▶ _EXERCISE INSTRUCTIONS_:
Pictures appear among the records below and must be omitted. Repeat exactly the lines from the line with "GREAT BRITAIN HALFPENNY" to the line with "Camiseta De Niña", both included.

▶ _EXTRACTED ENTRIES_:
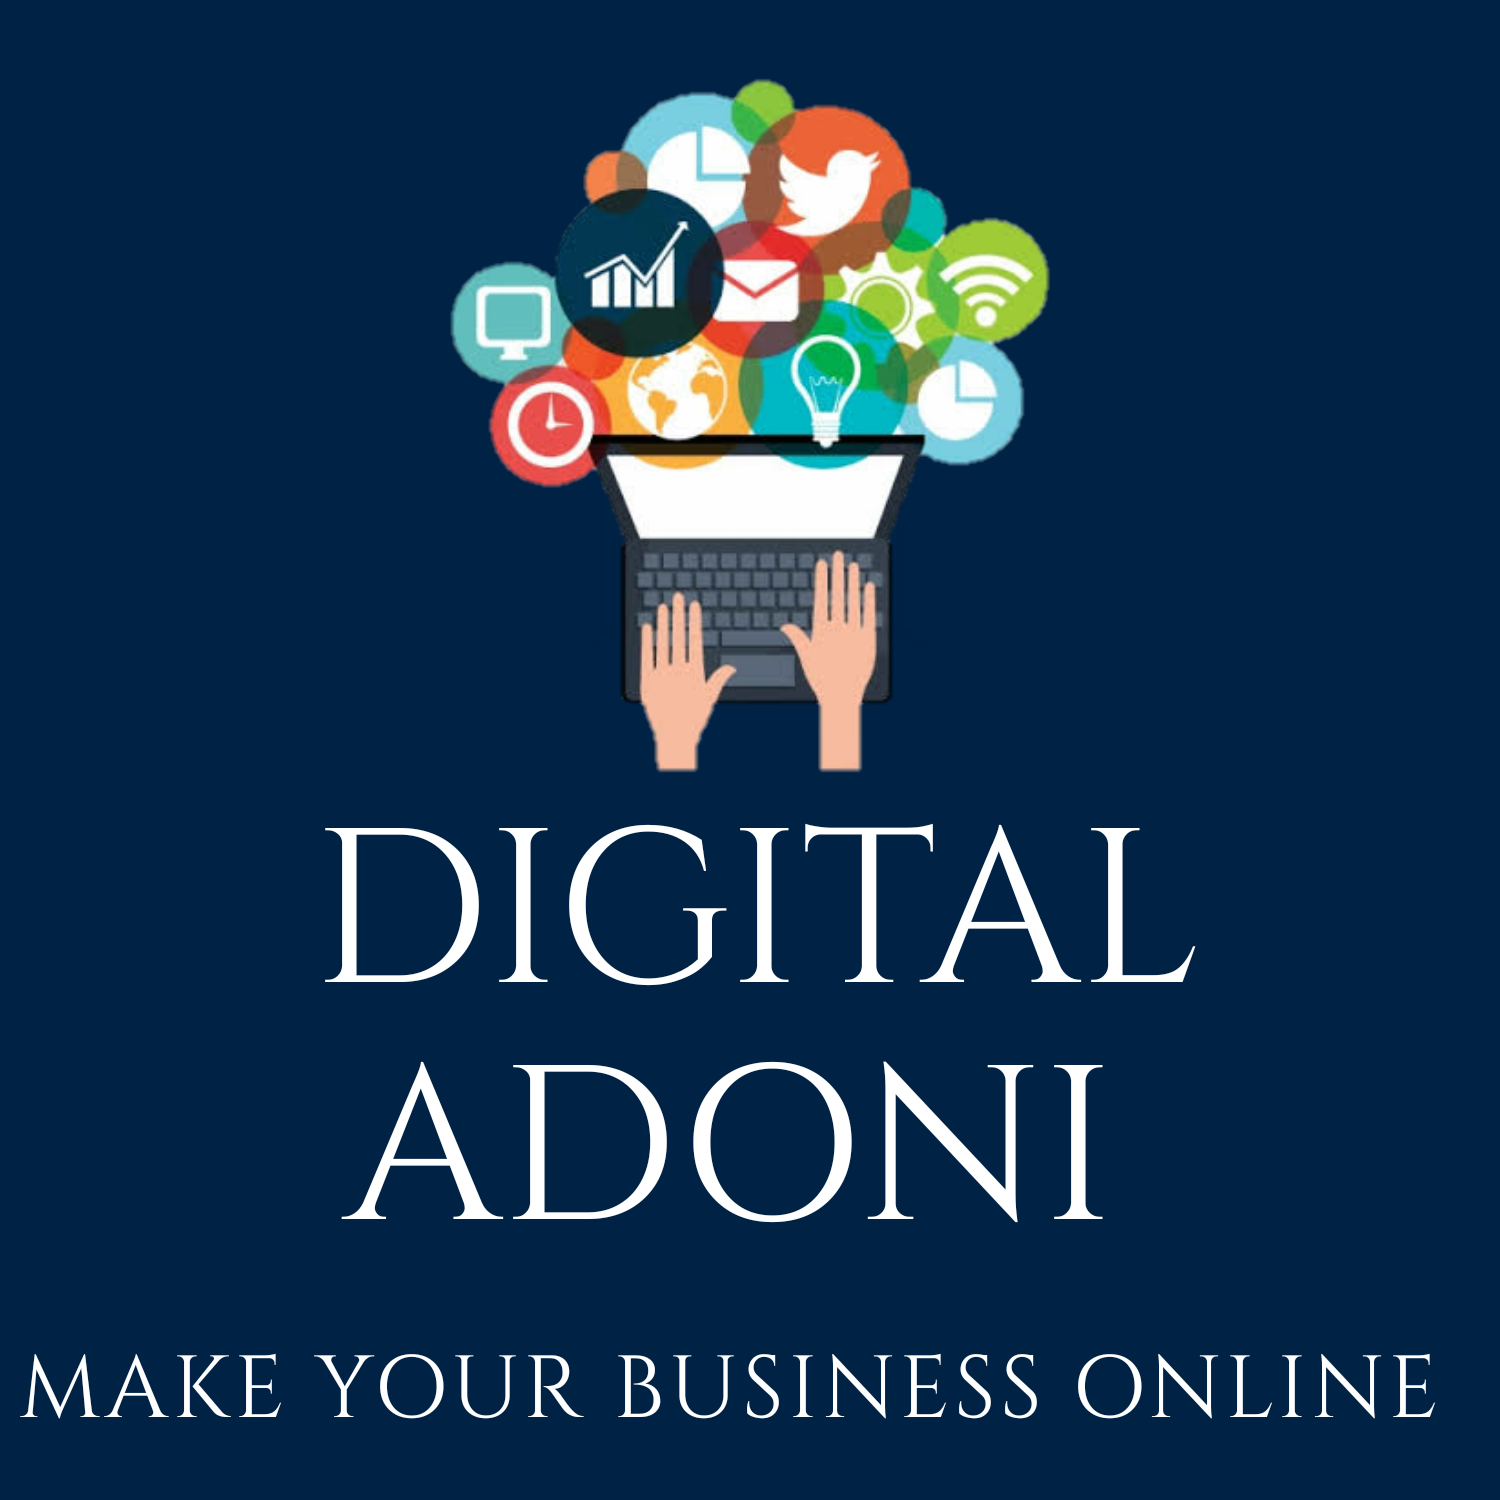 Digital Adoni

* * *

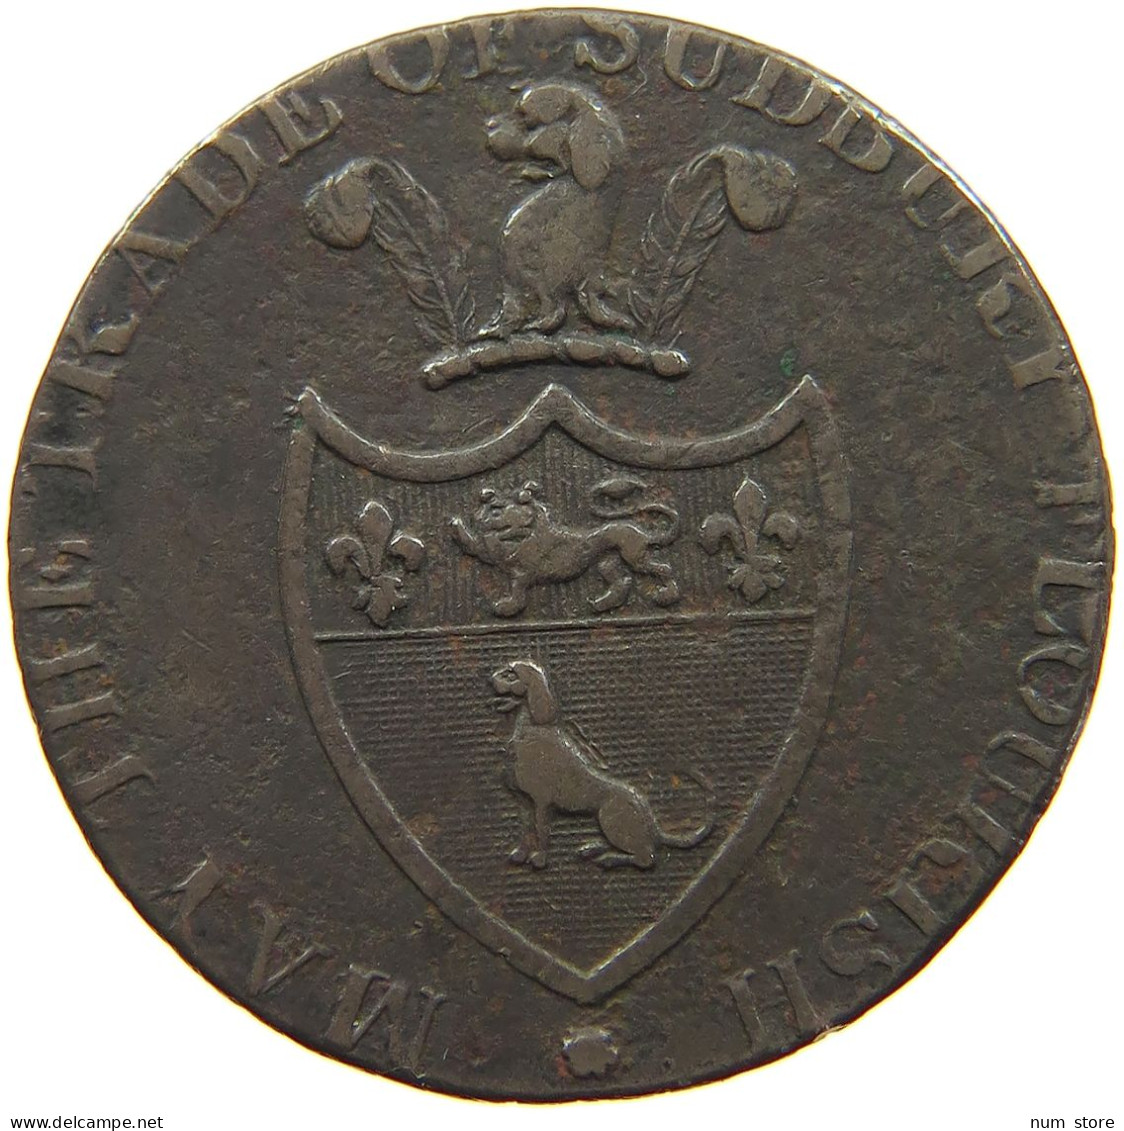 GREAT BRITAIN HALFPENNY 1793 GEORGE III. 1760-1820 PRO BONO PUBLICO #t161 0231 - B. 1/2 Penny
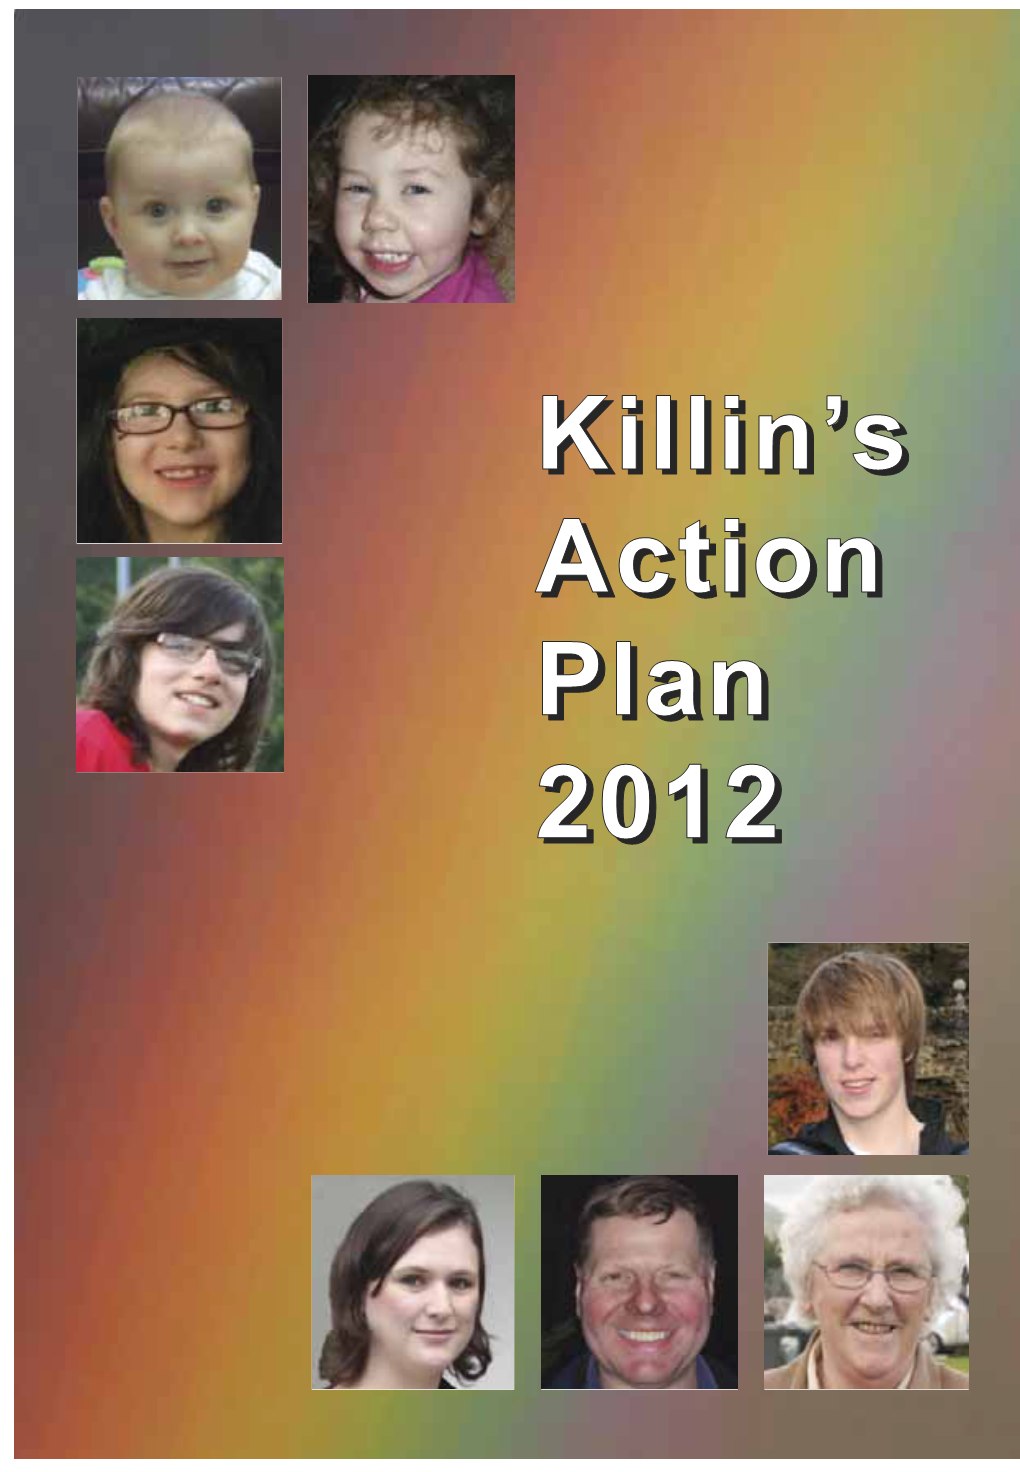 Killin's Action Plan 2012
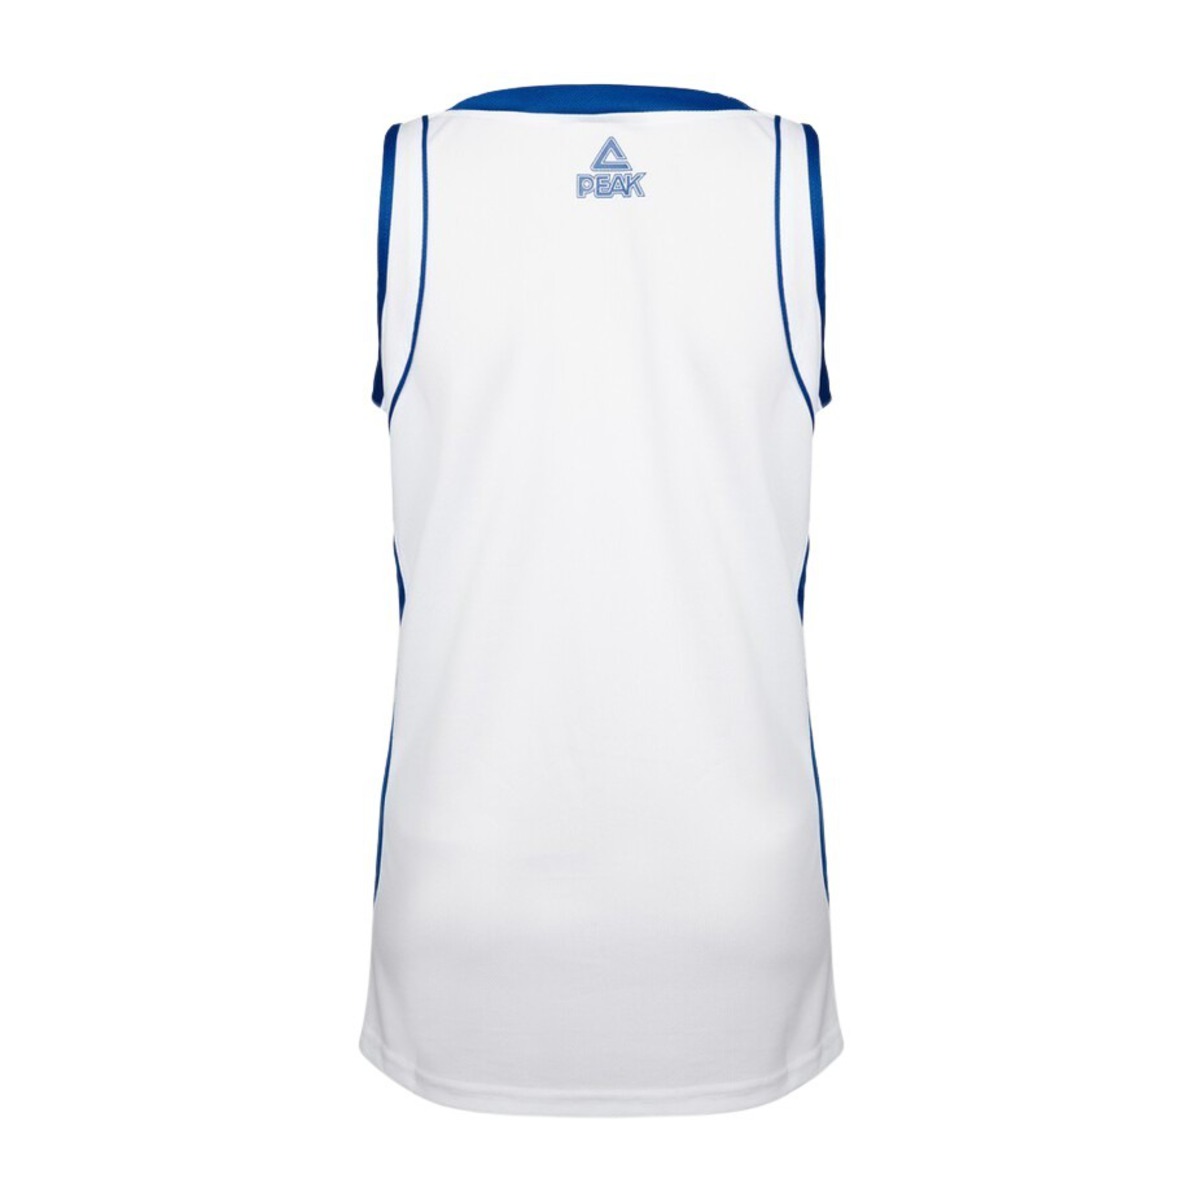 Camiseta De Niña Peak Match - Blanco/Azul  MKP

▶ _RESPONSE TO THE TASK_:
 GREAT BRITAIN HALFPENNY 1793 GEORGE III. 1760-1820 PRO BONO PUBLICO #t161 0231 - B. 1/2 Penny
 Killin's Action Plan 2012
 Camiseta De Niña Peak Match - Blanco/Azul  MKP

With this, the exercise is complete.